## WHAT THE EXERCISE ASKS
Your answer must be a word-for-word copy of the listing, with all pictures excluded.

## INFORMATION SUPPLIED
--

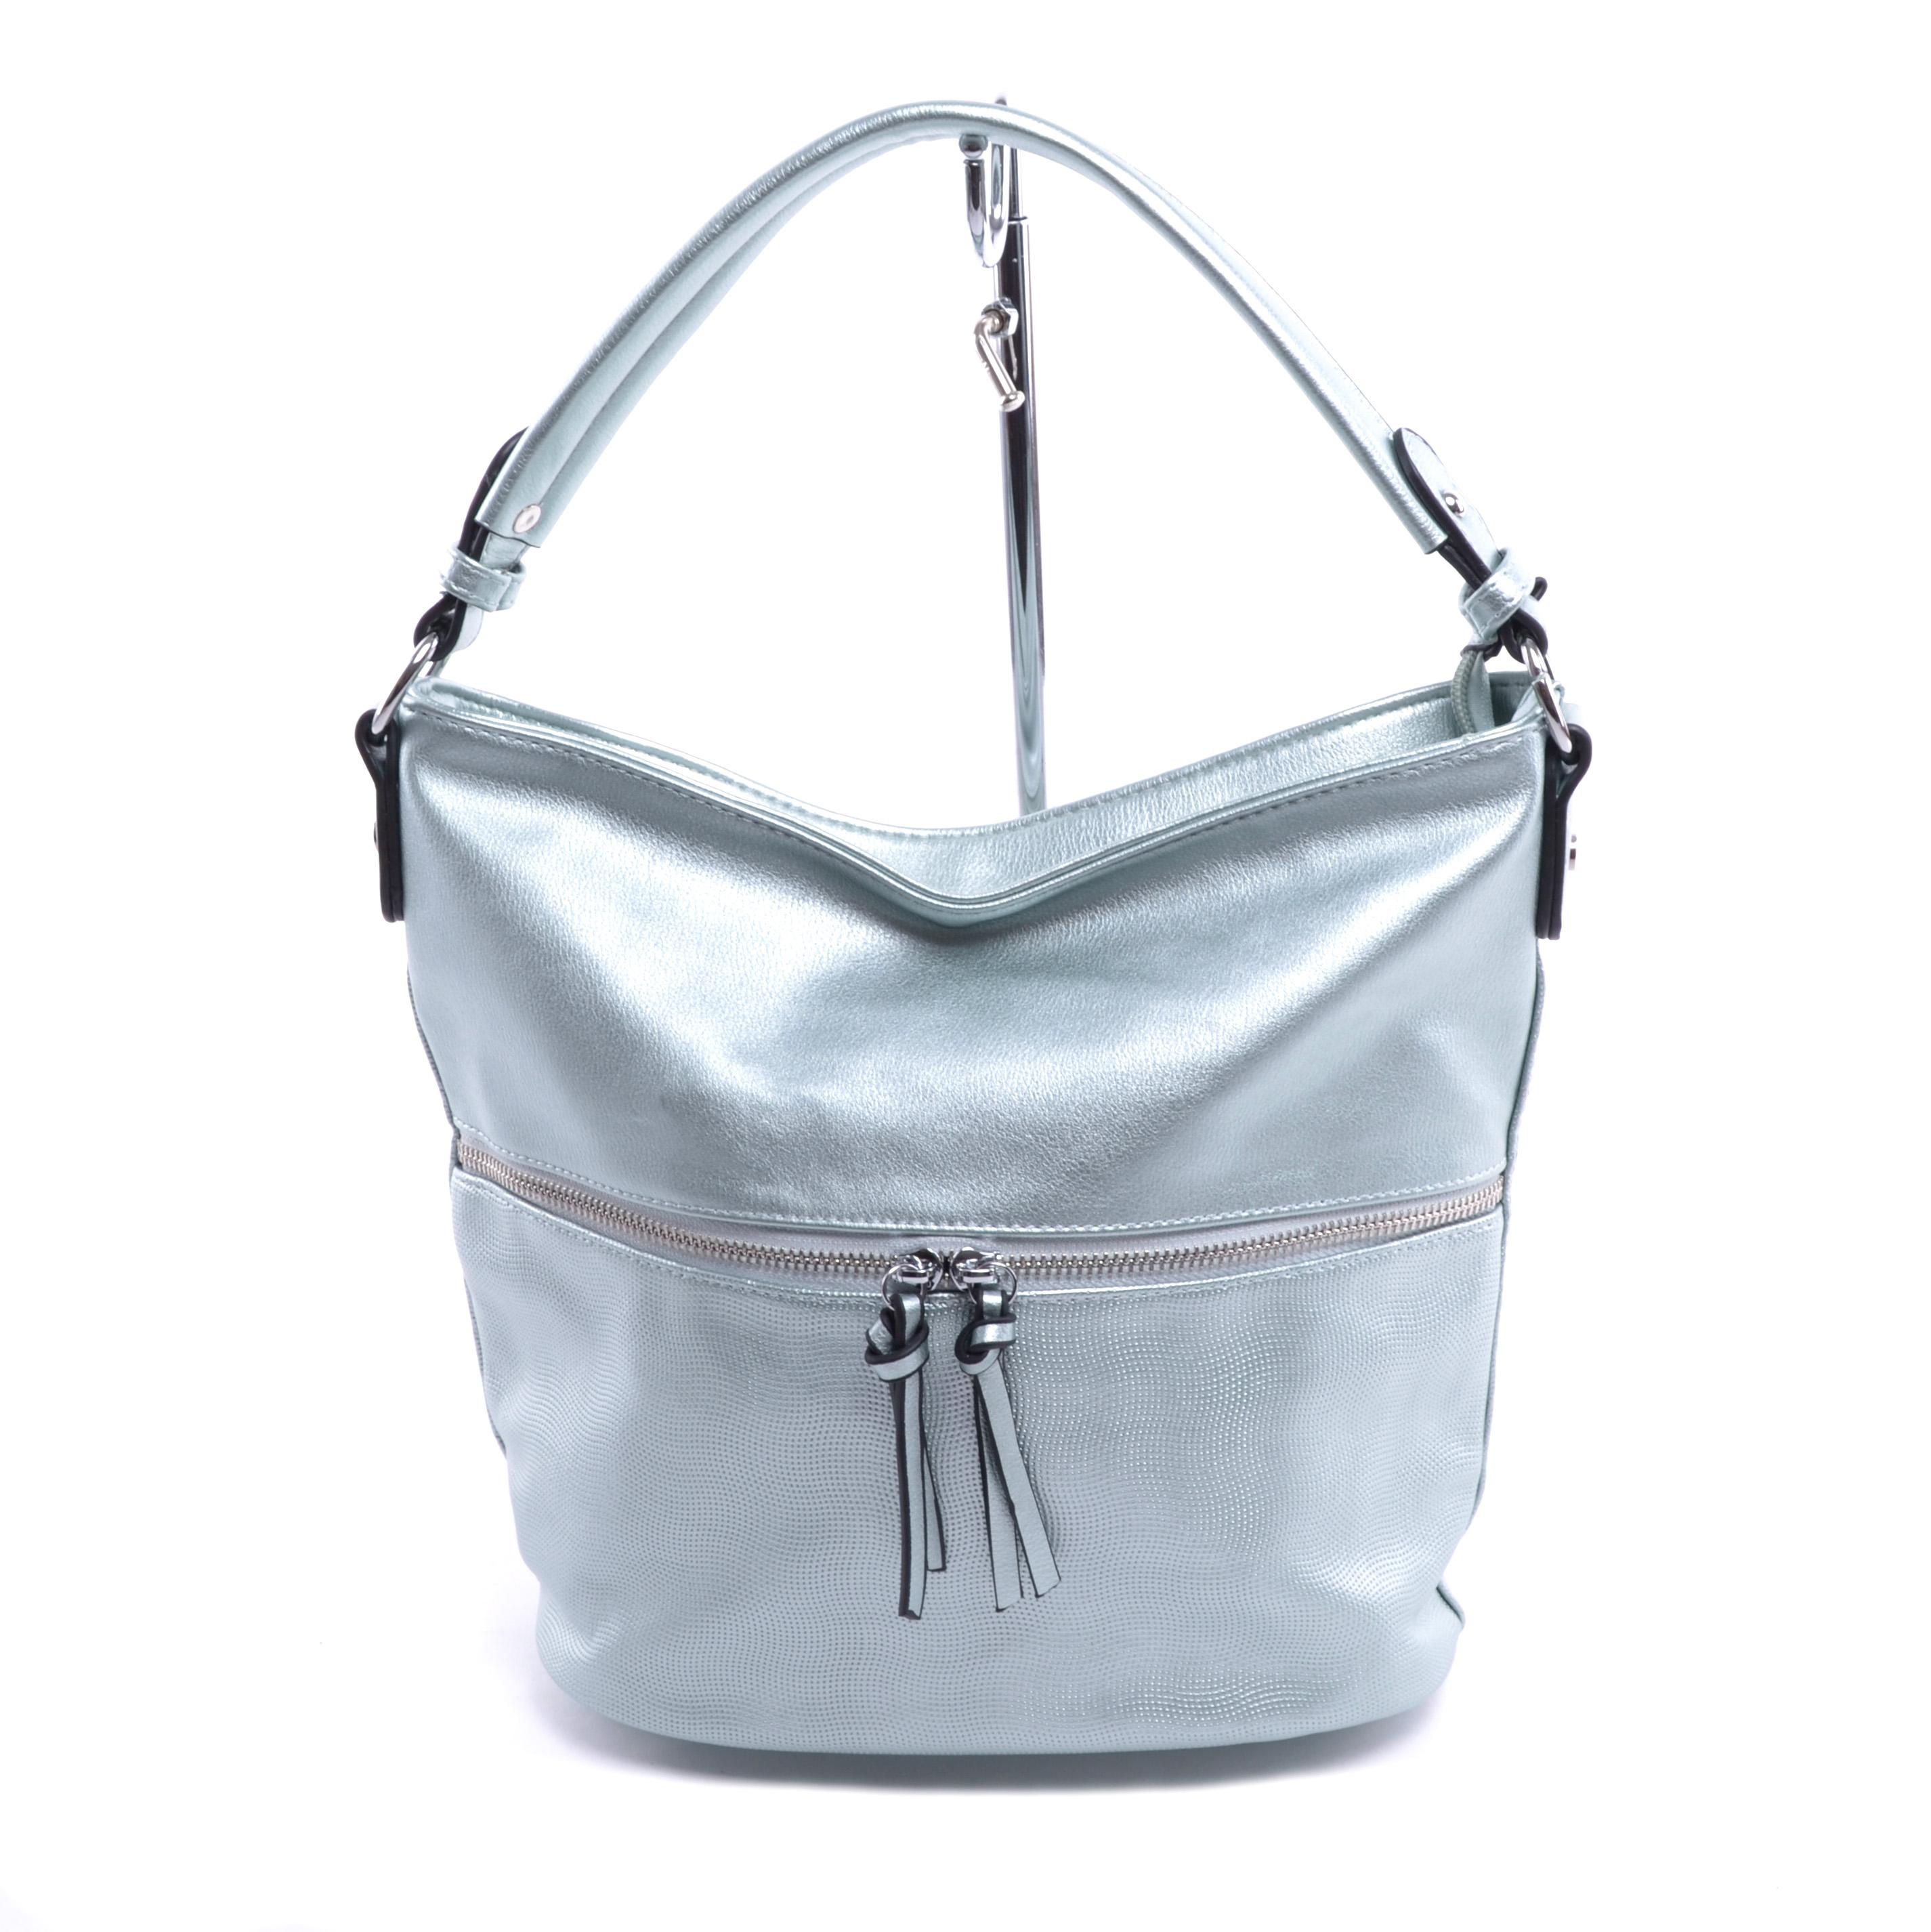 Zöld Női Műbőr Válltáska - Válltáskák - Táska webáruház - Minőségi táskák  mindenkinek fb3d87ac50
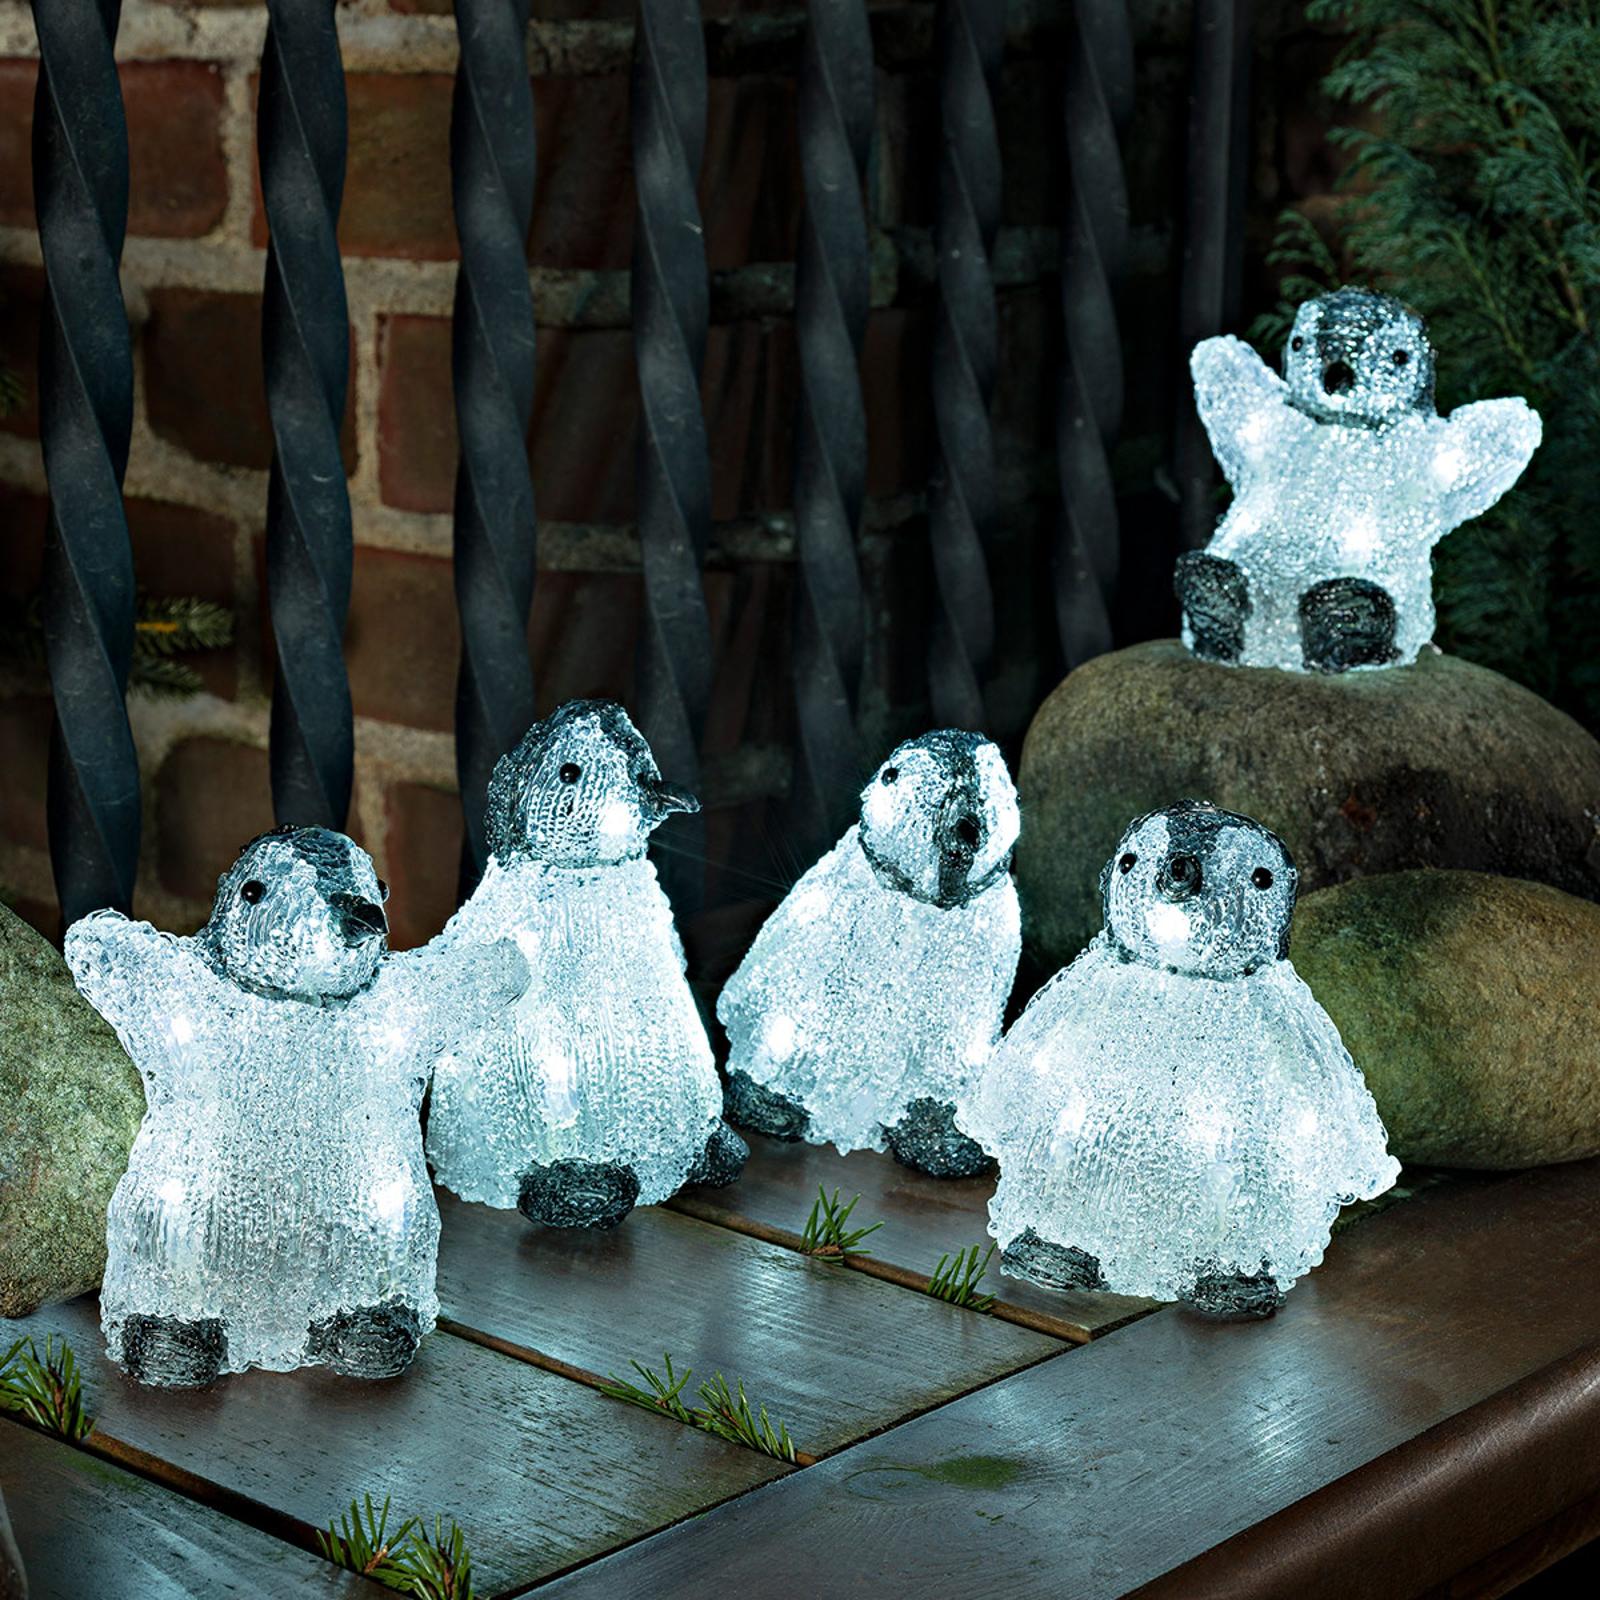 5 kpl:n setti LED-akryyli-figuurit, vauvapingviini
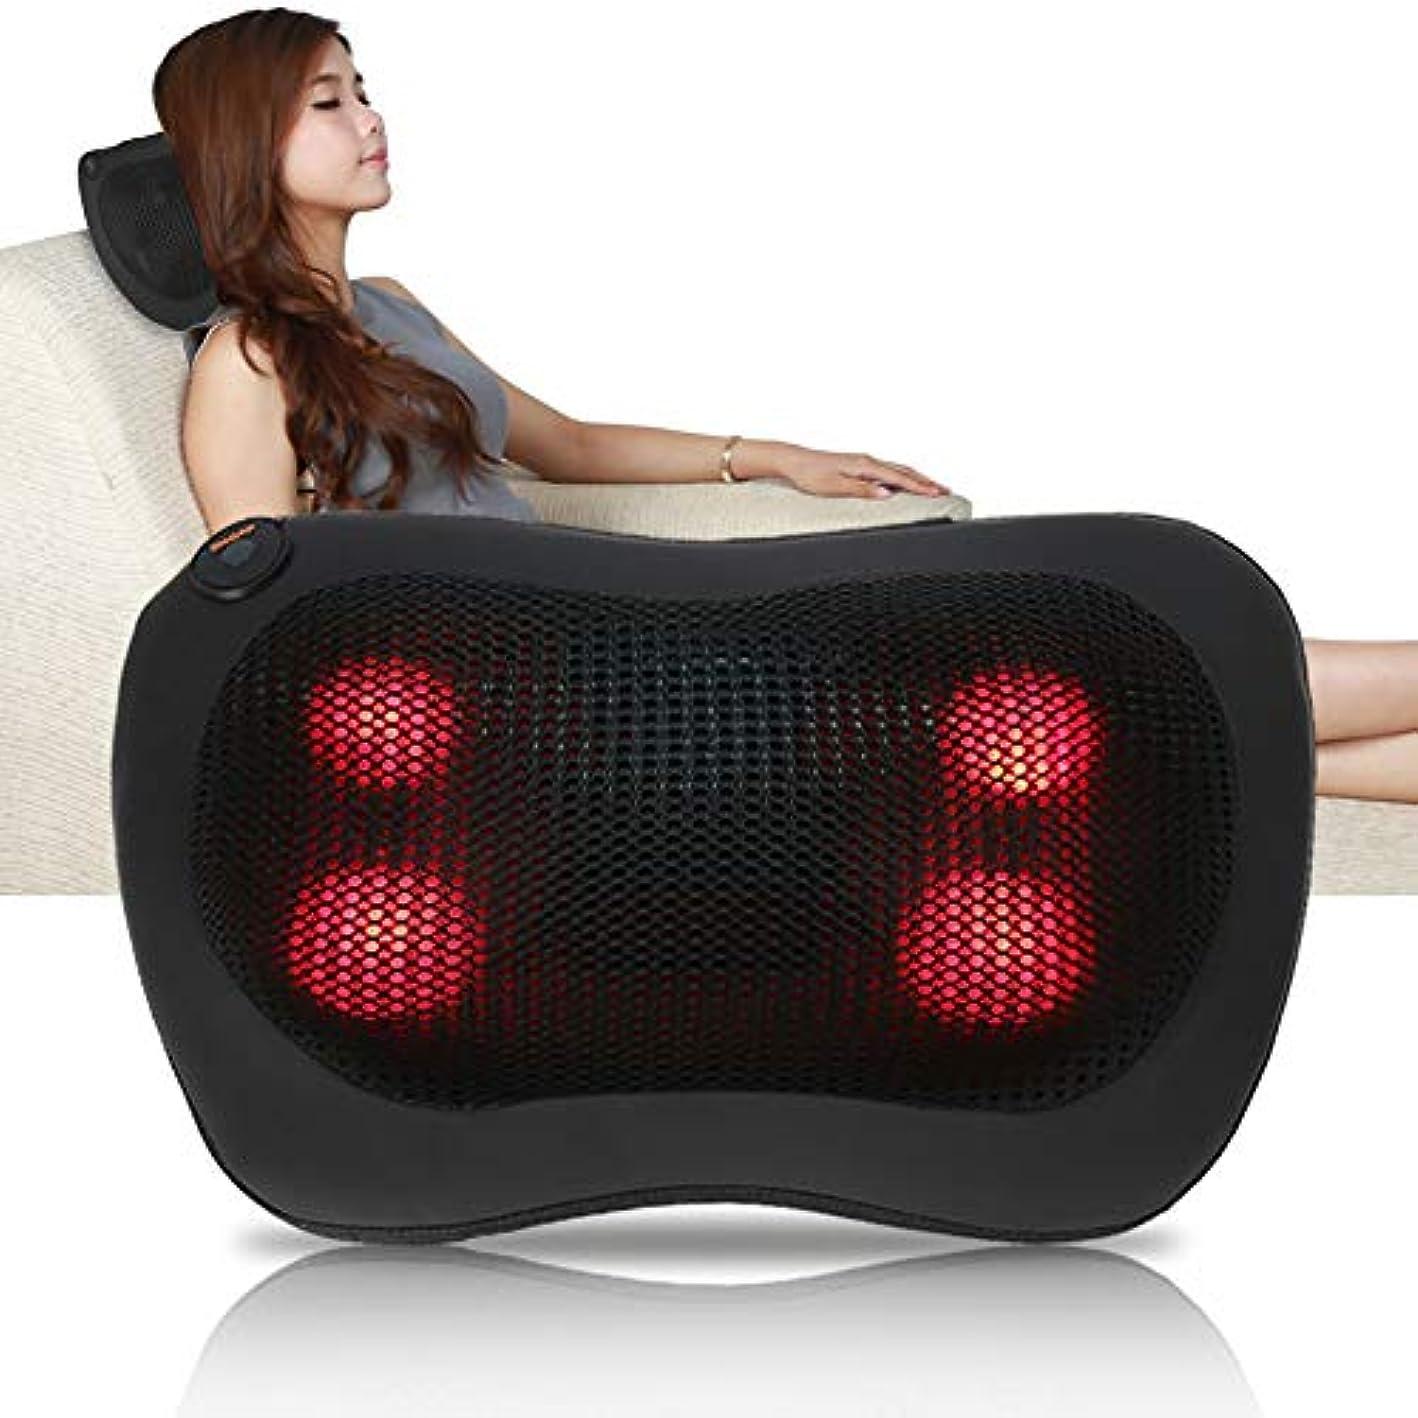 携帯用 電気マッサージの枕 暖房療法 首のウエスト 足の腕 マッサージ用具(ブラック)
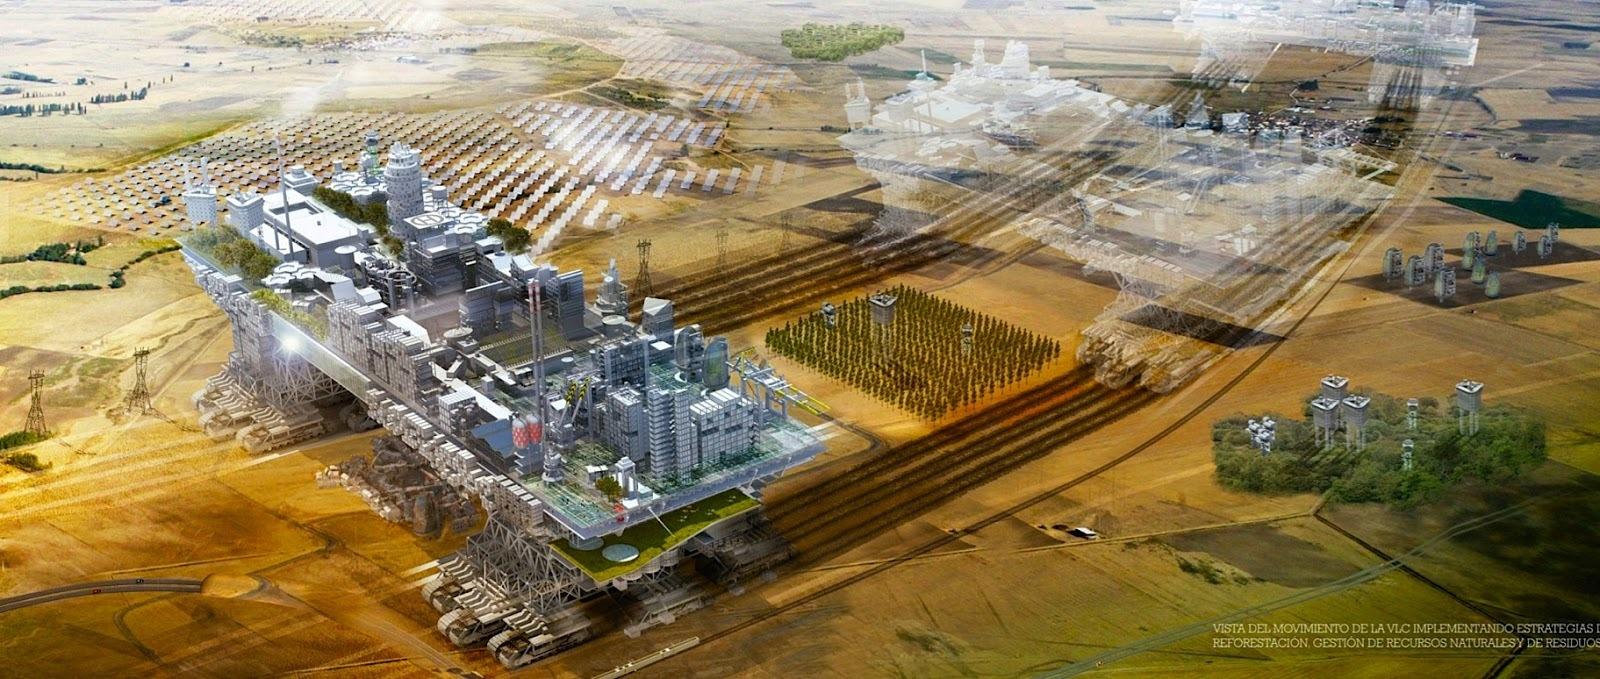 Gradovi će prohodati! Utopija ili bliska budućnost 21. veka?

--

## FINISHED EXERCISE
 Zöld Női Műbőr Válltáska - Válltáskák - Táska webáruház - Minőségi táskák  mindenkinek fb3d87ac50
 5 kpl:n setti LED-akryyli-figuurit, vauvapingviini
 携帯用 電気マッサージの枕 暖房療法 首のウエスト 足の腕 マッサージ用具(ブラック)
 Gradovi će prohodati! Utopija ili bliska budućnost 21. veka?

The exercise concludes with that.